Reading Ulysses: since beginning my book blog many years ago, I’ve always avoided writing a negative book review. For me, the reason I started this blog was to encourage and entice others to read books they might not normally have thought of, and as such, if I read a book that I didn’t enjoy, I simply didn’t review it. Having left Ulysses to the penultimate read from the BBC Top 100 list however, I felt that not featuring it on my blog would, in a sense, leave a huge hole in what was a momentous reading journey for me. Suffice to say, Ulysses was a literary low for me this year; I’m sure that the 4am alarms I was waking up to in order to finish my challenge in time didn’t set it in a favourable light, but try as I might, I simply couldn’t get my head around Joyce’s most lauded tale. The icing on the cake was the final chapter – 66 pages with absolutely no punctuation whatsoever – cemented its status as my least favourite book of all time.
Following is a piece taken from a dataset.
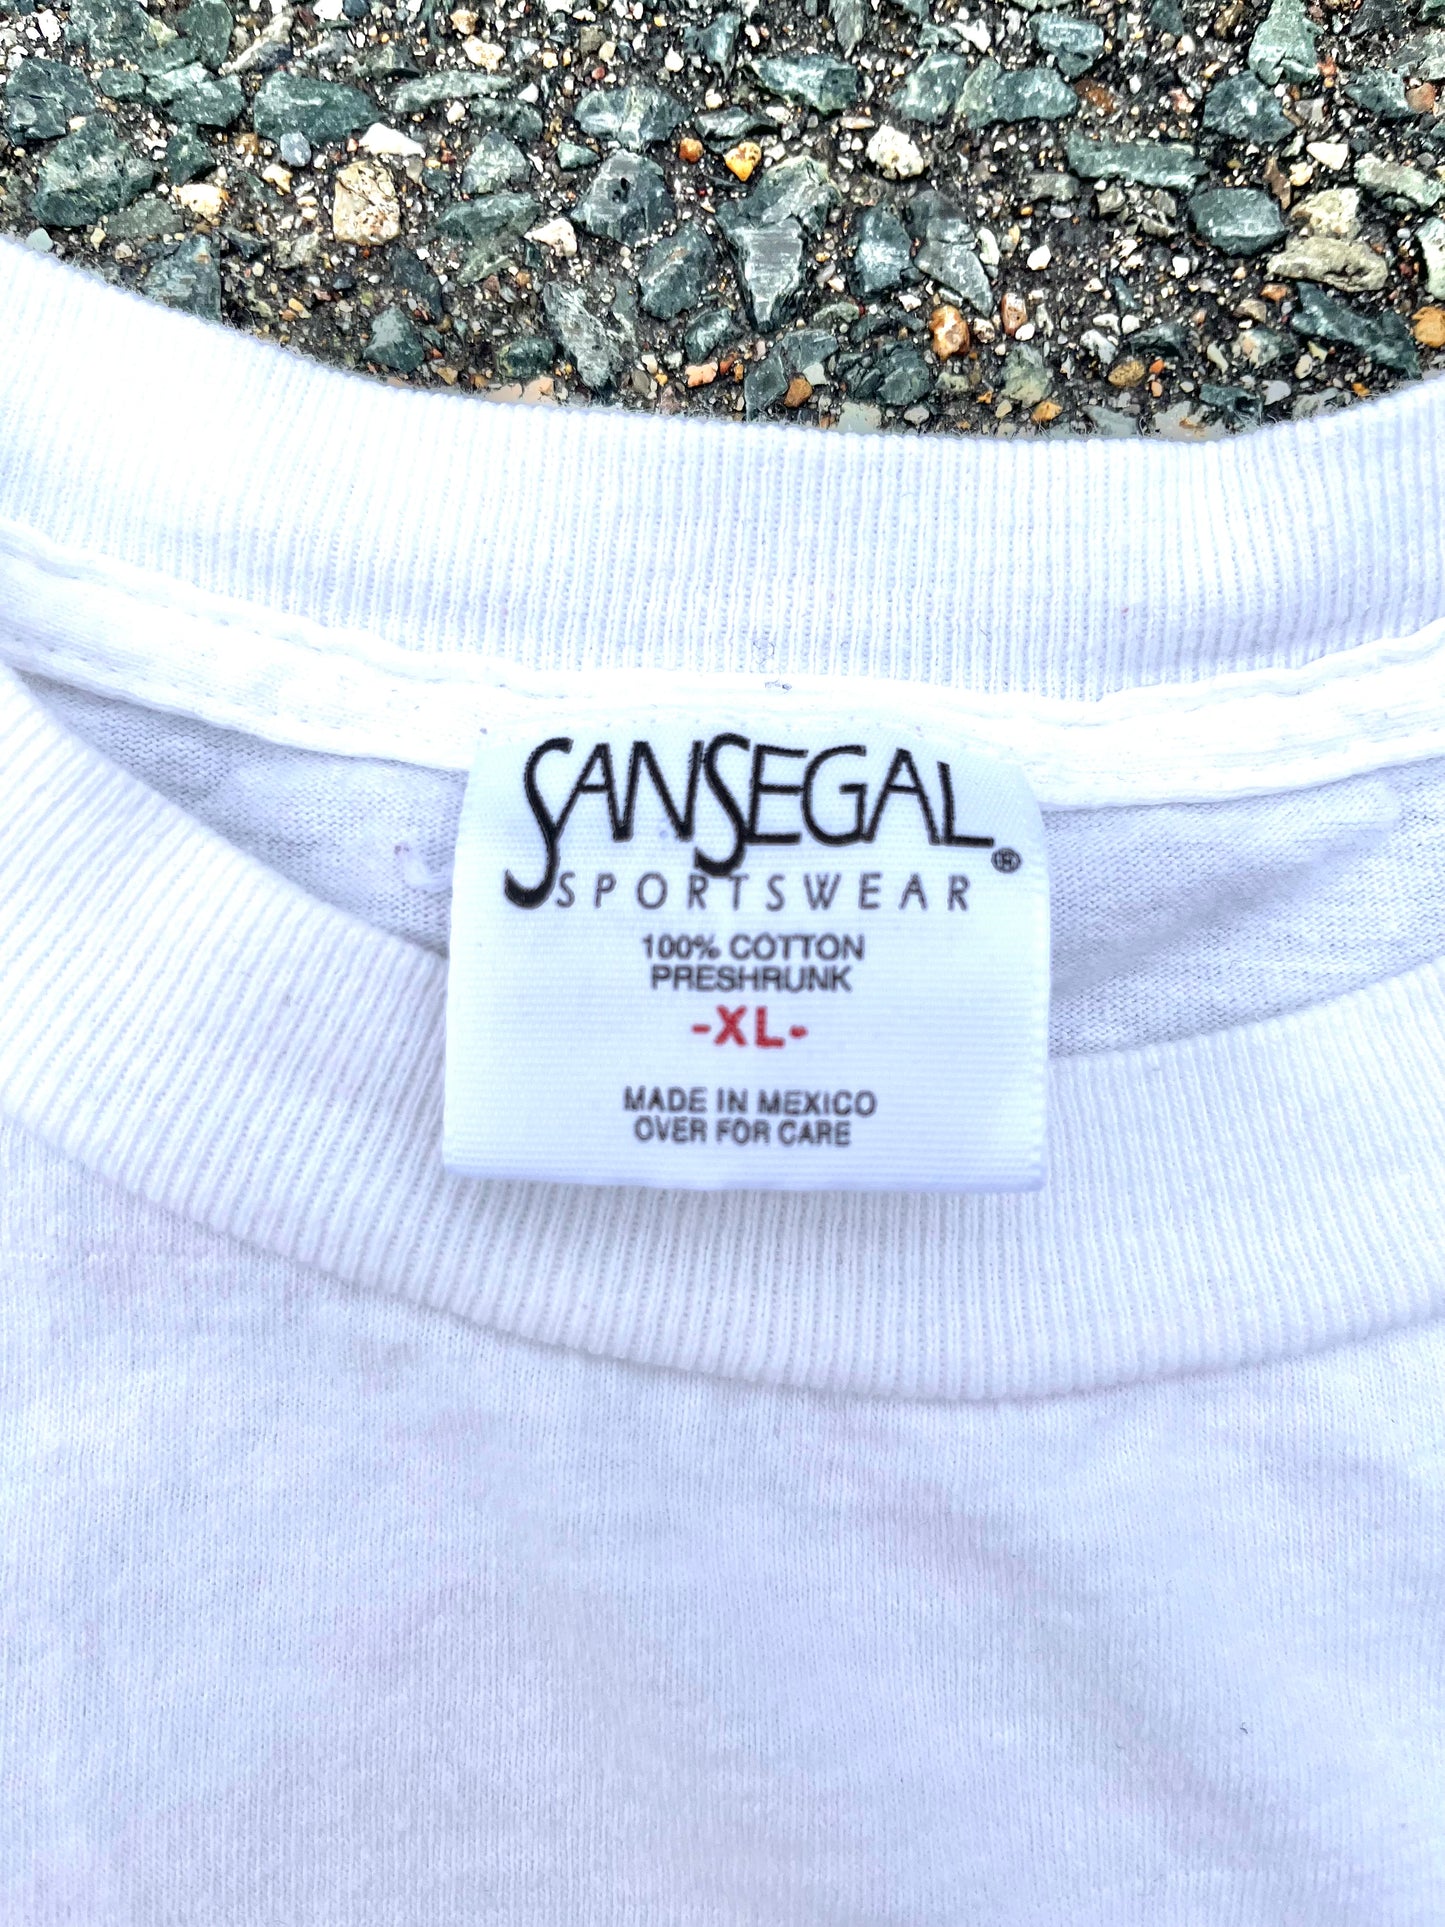 Vintage San Segal Out of Africa Wildlife Park 1995 Jungle Animal Retro T Shirt Size XL

Finding A Little Life: I was sent a proof copy of Hanya Yanagiraha’s A Little Life while I was living in London, by Francesca Main, an editor at Picador. When it came to downsizing my book collection to take a select few to Australia with me, A Little Life didn’t make the cut. Fate, however, was to intervene when my good friend Mitch sought advice from a bookseller on what to buy me for my birthday and I was soon reintroduced to this incredible book. I put off reading it for a while, until my friend Polly, with whom I worked on the Baileys Women’s Prize for Fiction insisted I must. And so, it swiftly took the place of my favourite forever book. Undoubtedly the most heartbreaking and beautiful book I’ve ever read, it truly is a modern masterpiece, and left me unsure of whether I would ever bother reading anything else again. You can read my full review here.
Seeing Hanya Yanagihara’s closing address at the Sydney Writer’s Festival: I made the foolish mistake of starting A Little Life just prior to the beginning of the Sydney Writer’s Festival; and so engrossed was I with the book that I missed almost every talk I had hoped to go to, with the exception of one by Dutch author, Herman Koch, and, of course, author of A Little Life, Hanya Yanagihara, who closed the festival. Yanagiraha’s closing address at the festival was as emotive, moving and though-provoking as one of 2016’s most talked about books, and she spoke eloquently about the subjects that lied therein – of so-called gratuitous violence, and how if a relationship exists between the reader and writer it is surely one of give and take. Said Yanagihara of the fiction writer’s right to march into ugly territories of human behaviour that it is the least she can do: “Not because her art permits her to – but because her own humanity compels her to. Can’t art – and shouldn’t art – encourage us to imagine the human condition, even at, especially at, its cruellest and smallest?”.
Going to the Baileys Women’s Prize for Fiction winner’s announcement: I’ve been lucky enough to maintain a great relationship with founder of the Baileys Prize, Kate Mosse, since my move down under just over a year ago. And quite fortuitously, my trip back to London for a friend’s wedding earlier this year, coincided with the winner’s announcement ceremony, held on London’s Southbank. Attending – but not working at – the event, was a mixed blessing. While I was free to roam the room, enjoying endless glasses of champagne and cocktails and didn’t have the nervous anticipation of announcing the winner on social, there was a degree of sadness that I was no longer involved in the prize in the way I once was. If nothing else, it certainly renewed my unending love for books, the power of the prize and my long-standing adoration for the wonderful Kate Mosse.